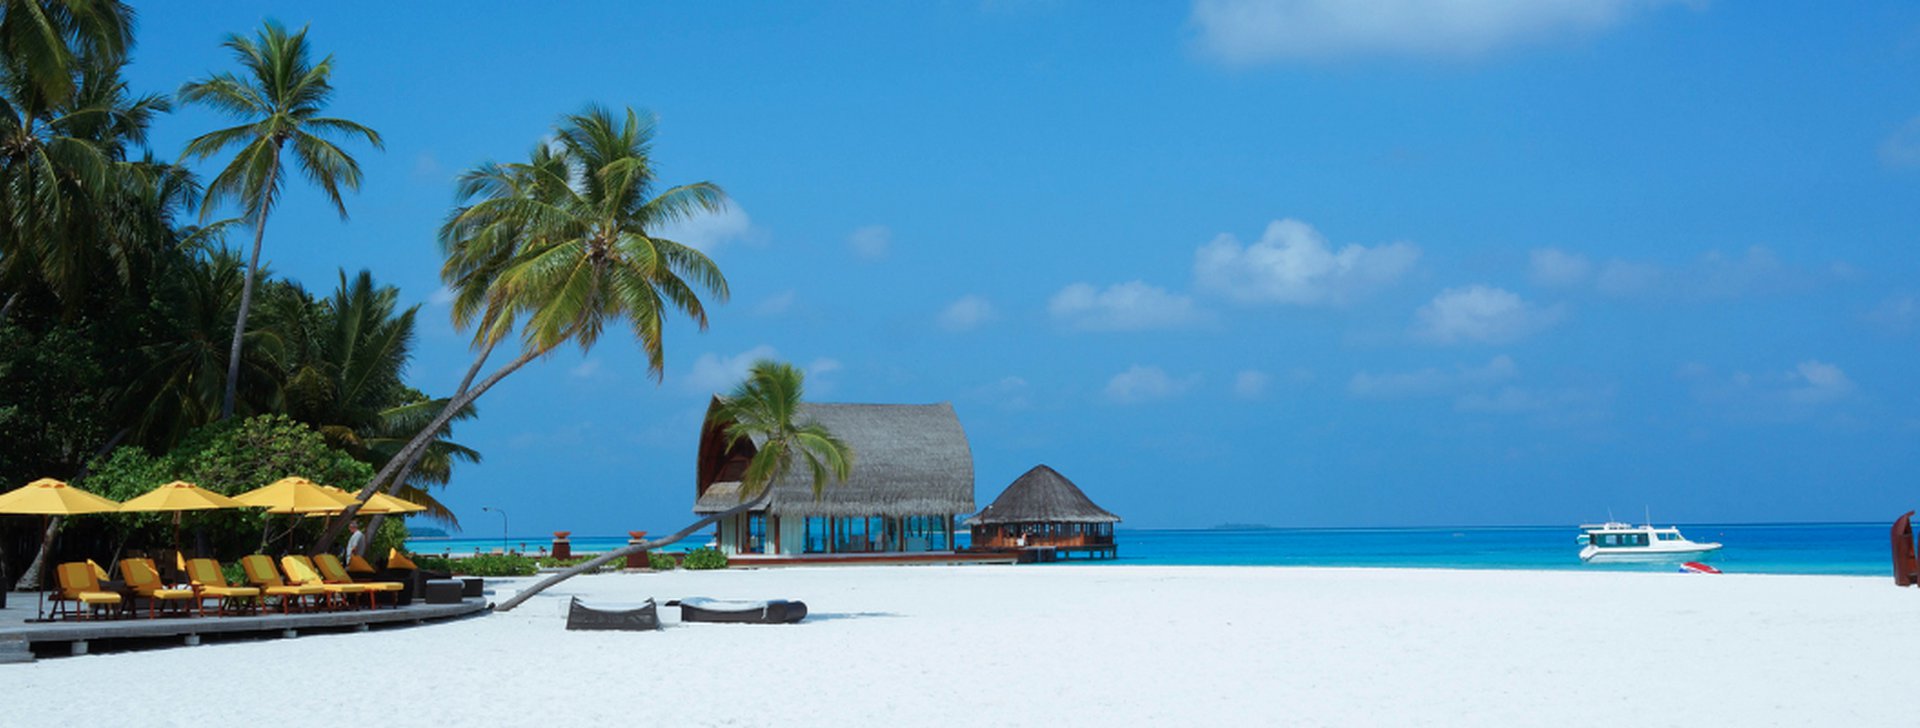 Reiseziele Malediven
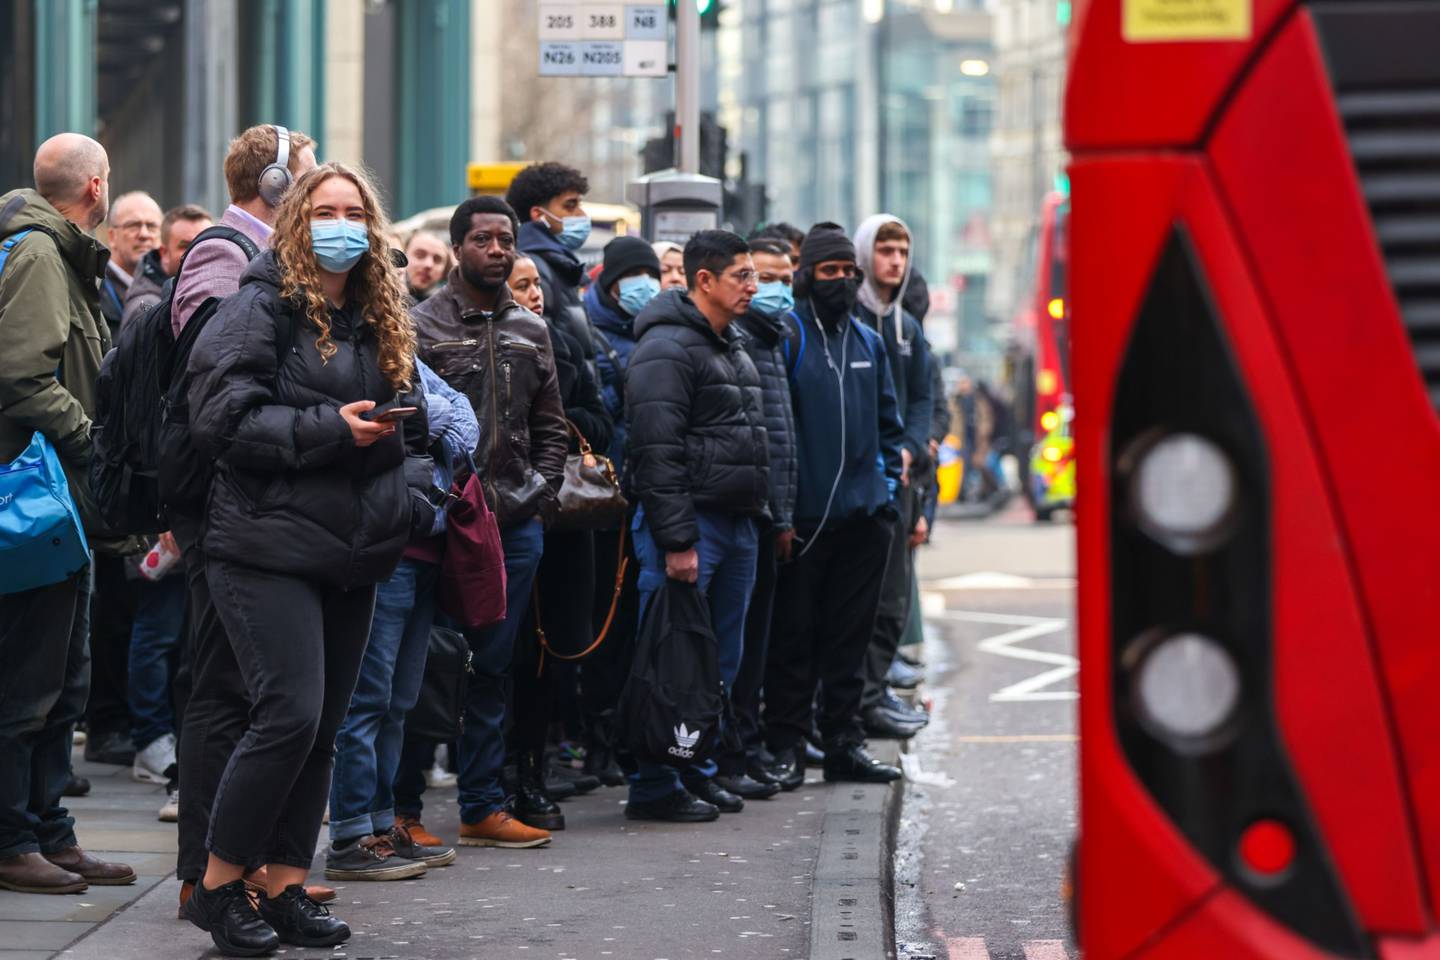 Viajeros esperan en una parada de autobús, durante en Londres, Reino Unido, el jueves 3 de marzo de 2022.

=======

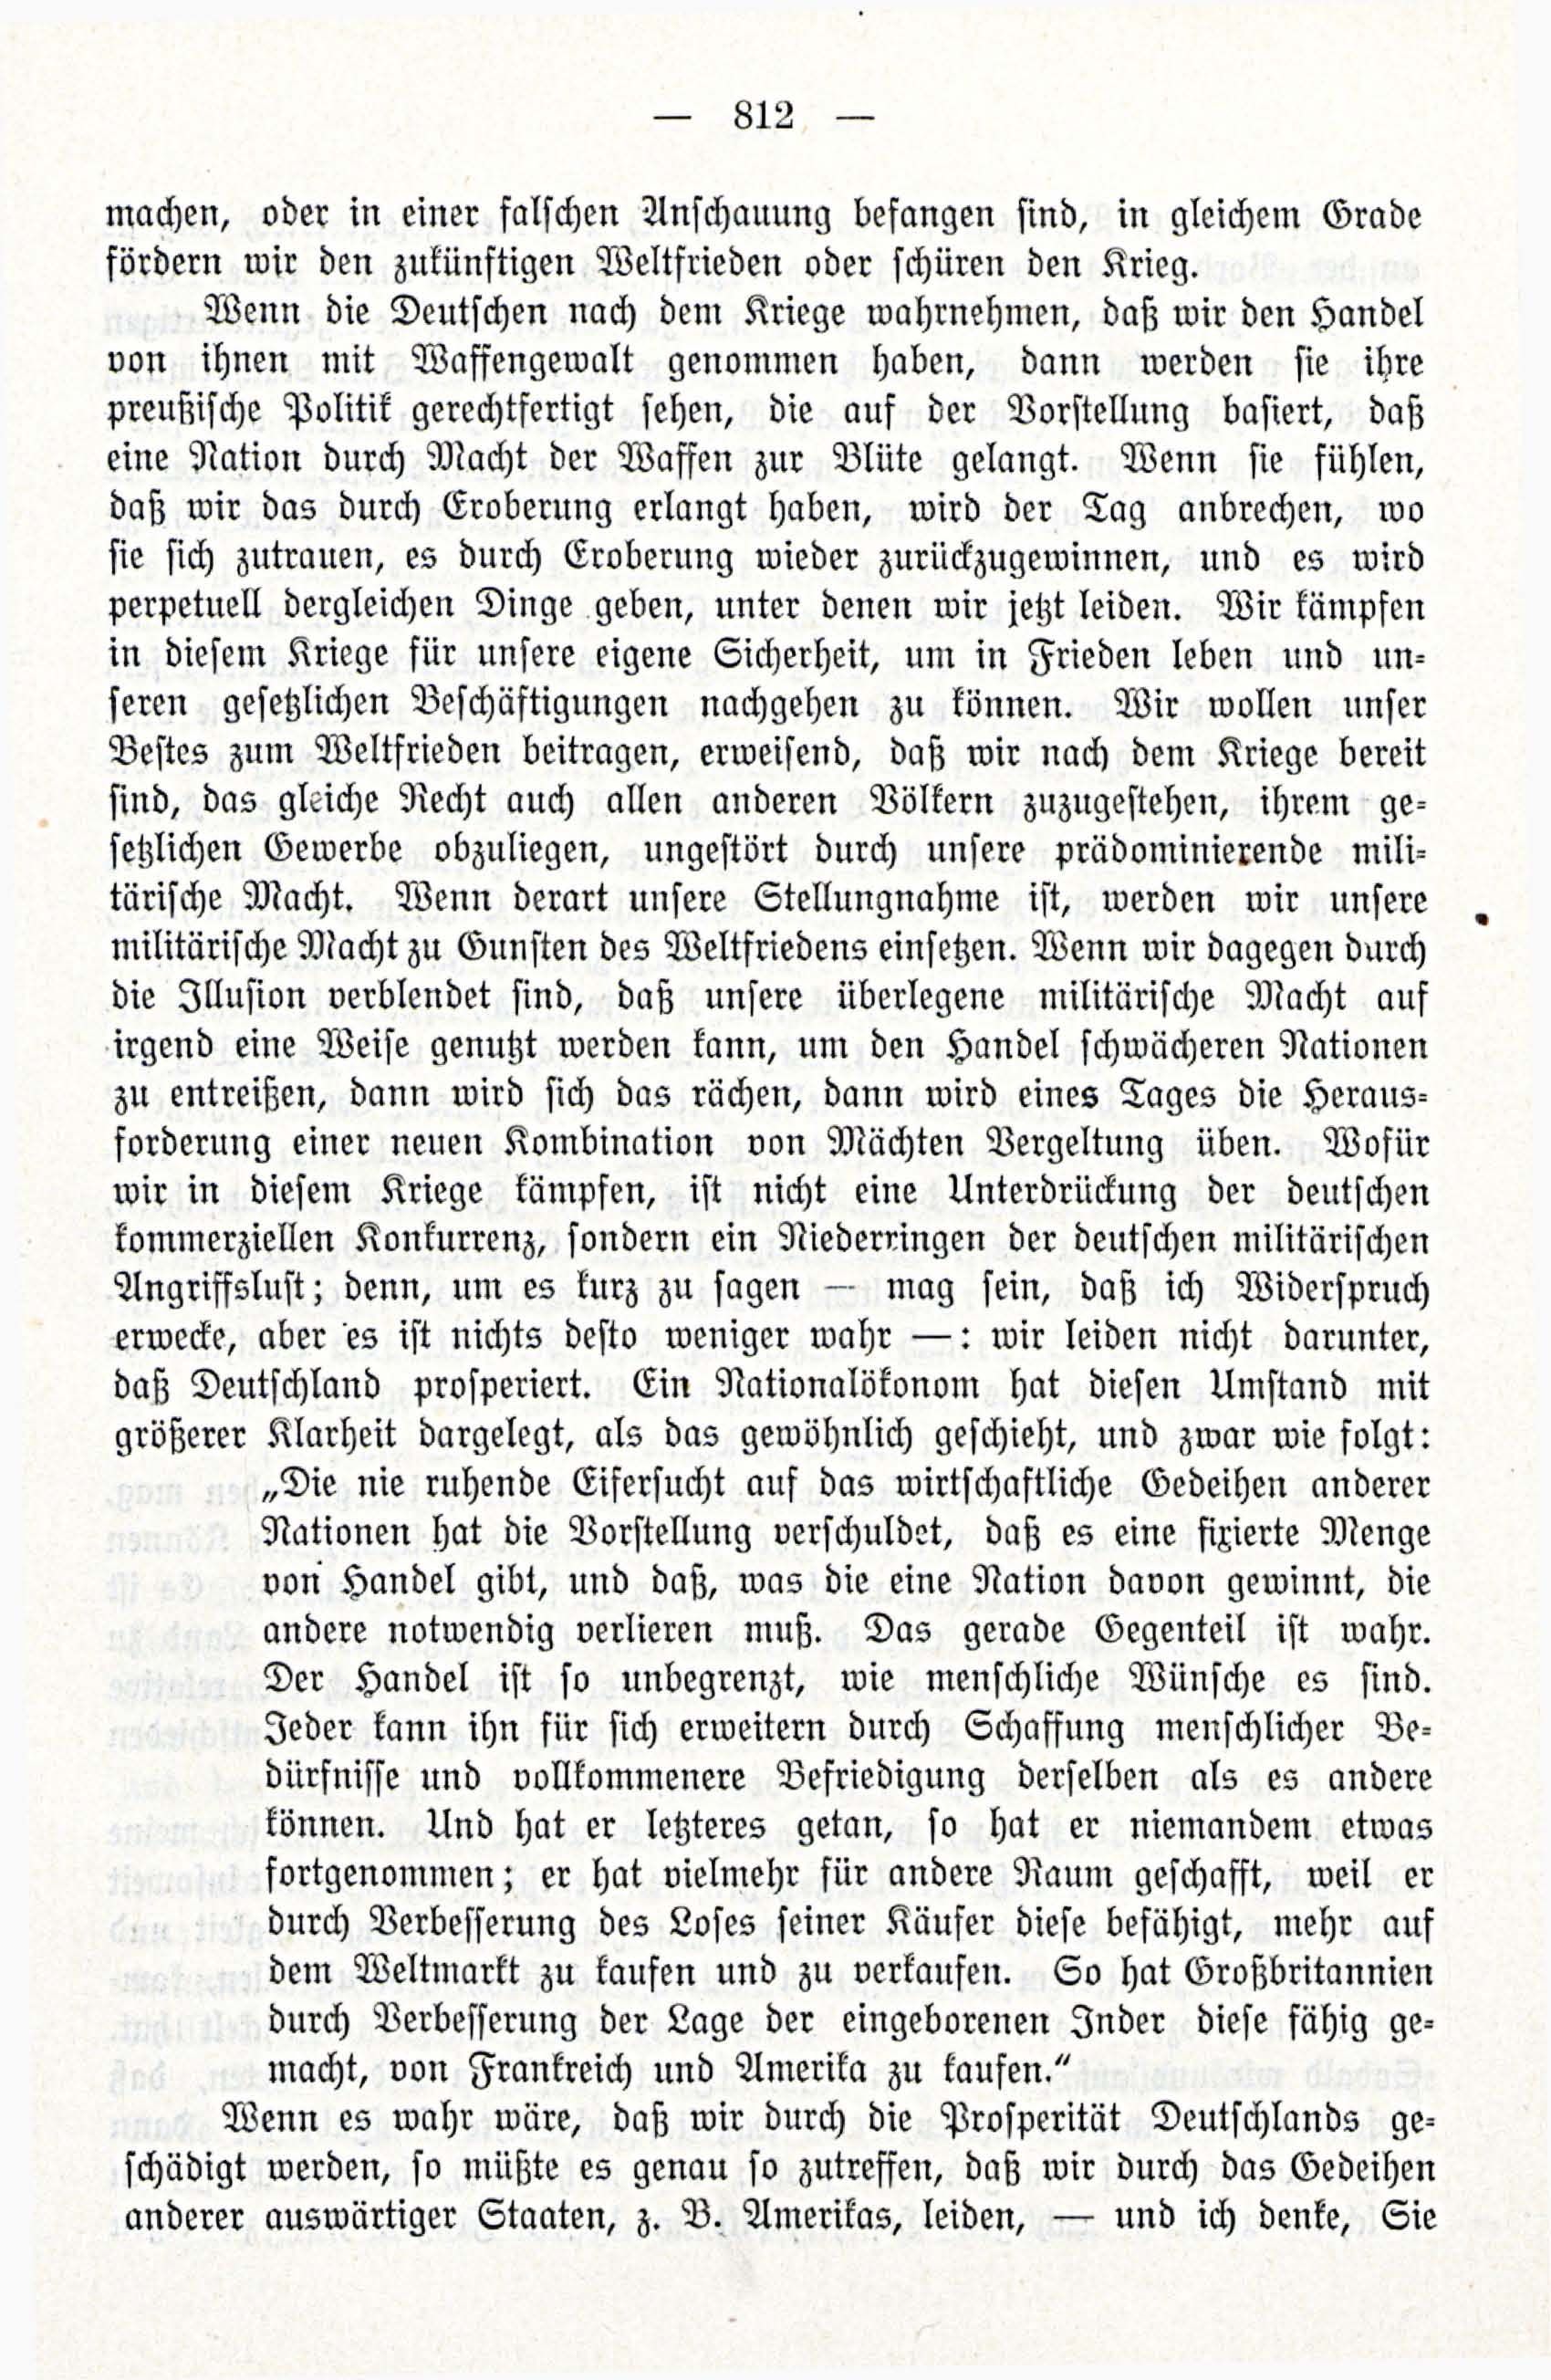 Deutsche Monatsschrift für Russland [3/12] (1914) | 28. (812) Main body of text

=======

What needs to be done: Using the listing above, reproduce word for word every line from the one containing "Reiseziele Malediven" through the one containing "Viajeros esperan en". Pictures must be left out.

Answer:
 Reiseziele Malediven
 Viajeros esperan en una parada de autobús, durante en Londres, Reino Unido, el jueves 3 de marzo de 2022.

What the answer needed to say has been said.